Supplied entries:
-- Opening Marker --

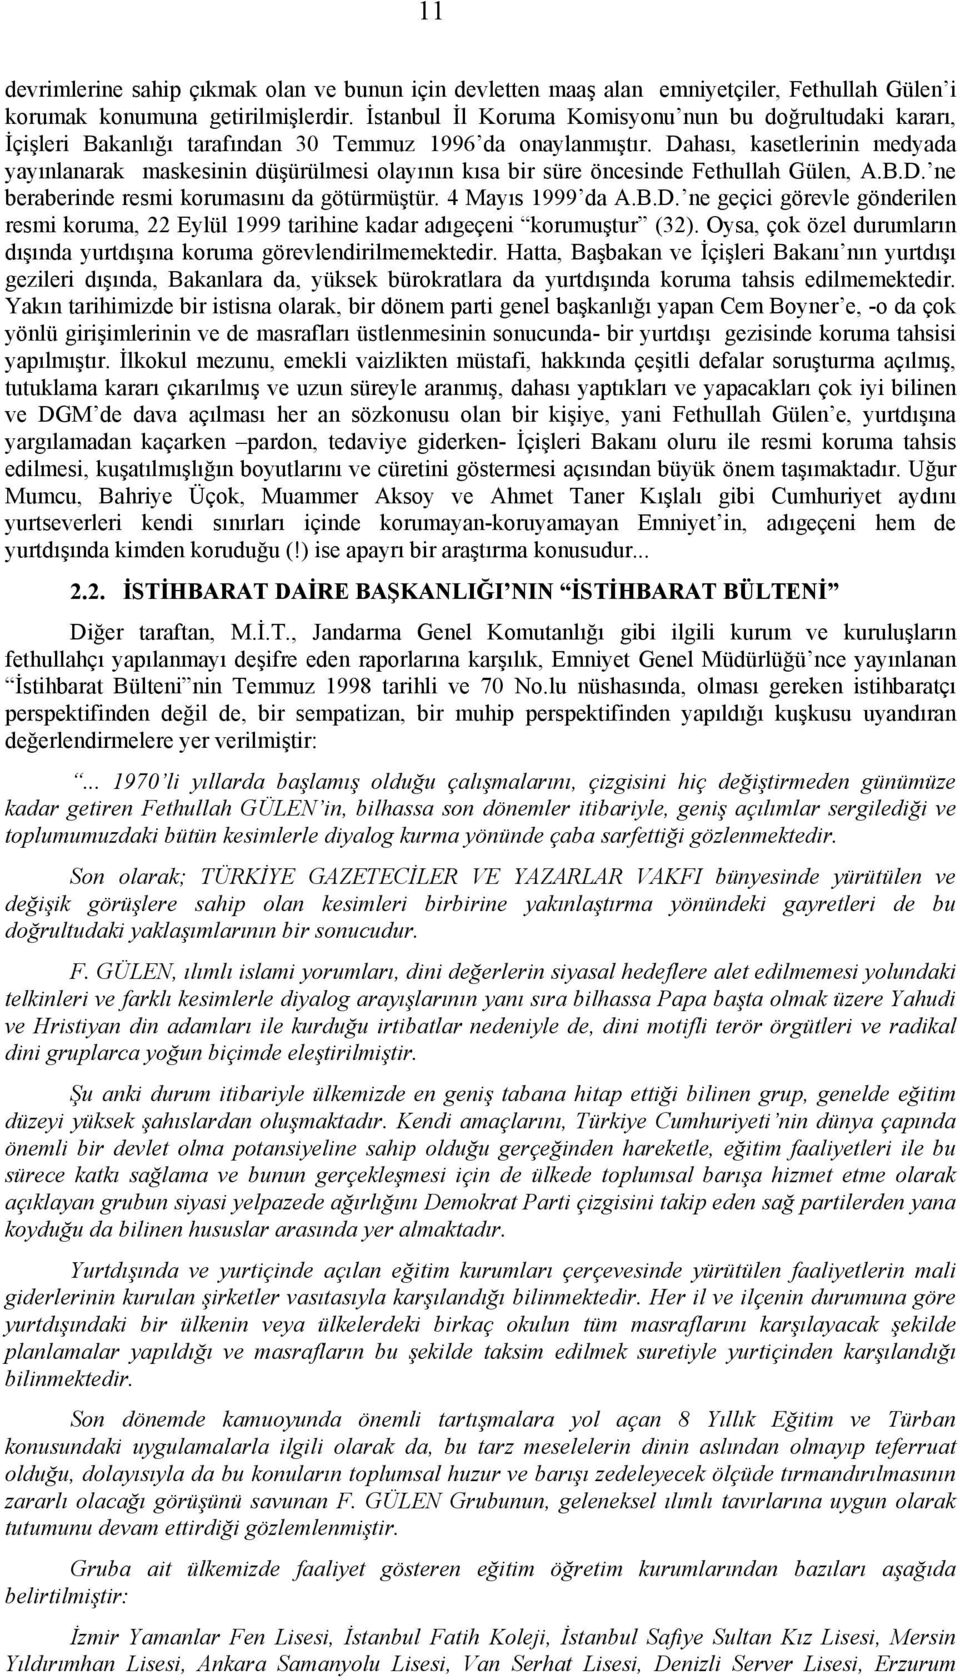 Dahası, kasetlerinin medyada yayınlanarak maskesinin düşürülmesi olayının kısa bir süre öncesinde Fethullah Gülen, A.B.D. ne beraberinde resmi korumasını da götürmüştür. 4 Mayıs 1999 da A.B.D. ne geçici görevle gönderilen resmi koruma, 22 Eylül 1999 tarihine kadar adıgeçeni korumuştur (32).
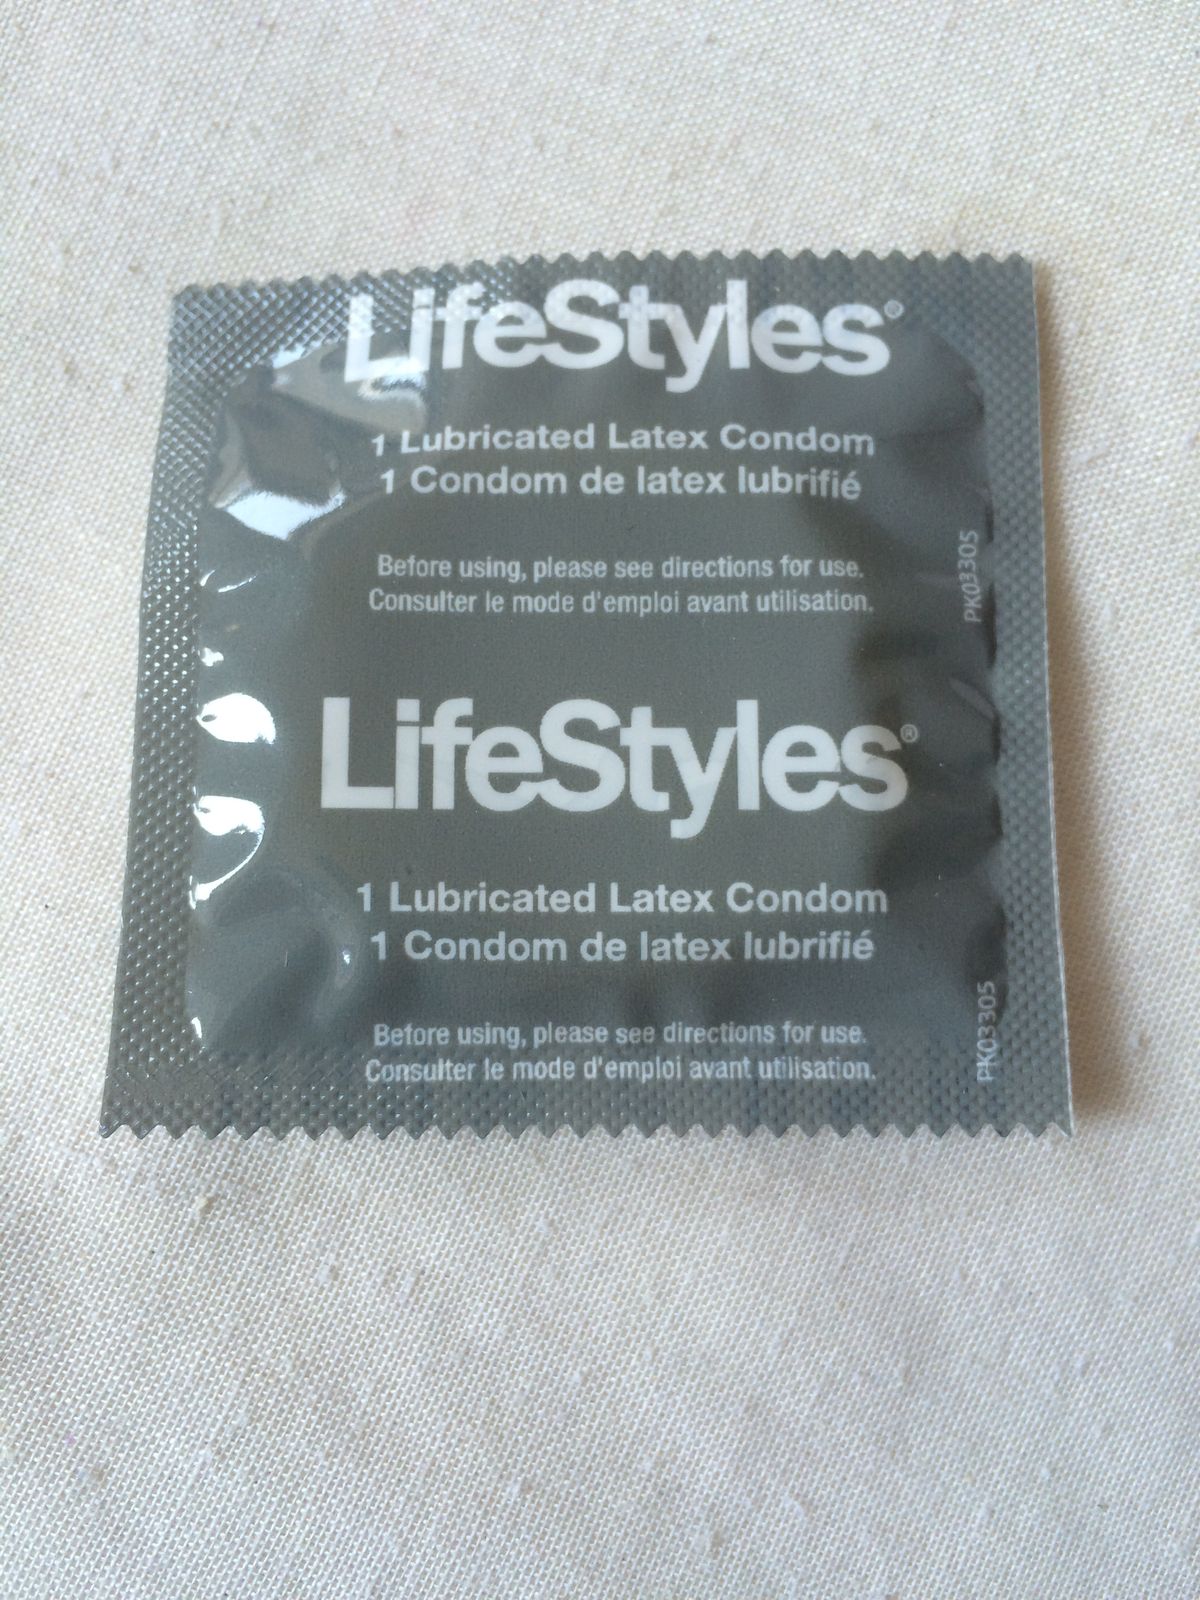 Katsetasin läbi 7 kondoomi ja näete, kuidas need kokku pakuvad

-- Closing Marker --
-- Opening Marker --

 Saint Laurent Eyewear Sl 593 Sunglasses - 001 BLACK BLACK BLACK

-- Closing Marker --

What is needed is an exact copy of the lines above from the one with "Dahası, kasetlerinin medyada" to the one with "Katsetasin läbi 7", both ends kept, and nothing more; please leave the pictures out.

Finished task:
 Dahası, kasetlerinin medyada yayınlanarak maskesinin düşürülmesi olayının kısa bir süre öncesinde Fethullah Gülen, A.B.D. ne beraberinde resmi korumasını da götürmüştür. 4 Mayıs 1999 da A.B.D. ne geçici görevle gönderilen resmi koruma, 22 Eylül 1999 tarihine kadar adıgeçeni korumuştur (32).
 Katsetasin läbi 7 kondoomi ja näete, kuidas need kokku pakuvad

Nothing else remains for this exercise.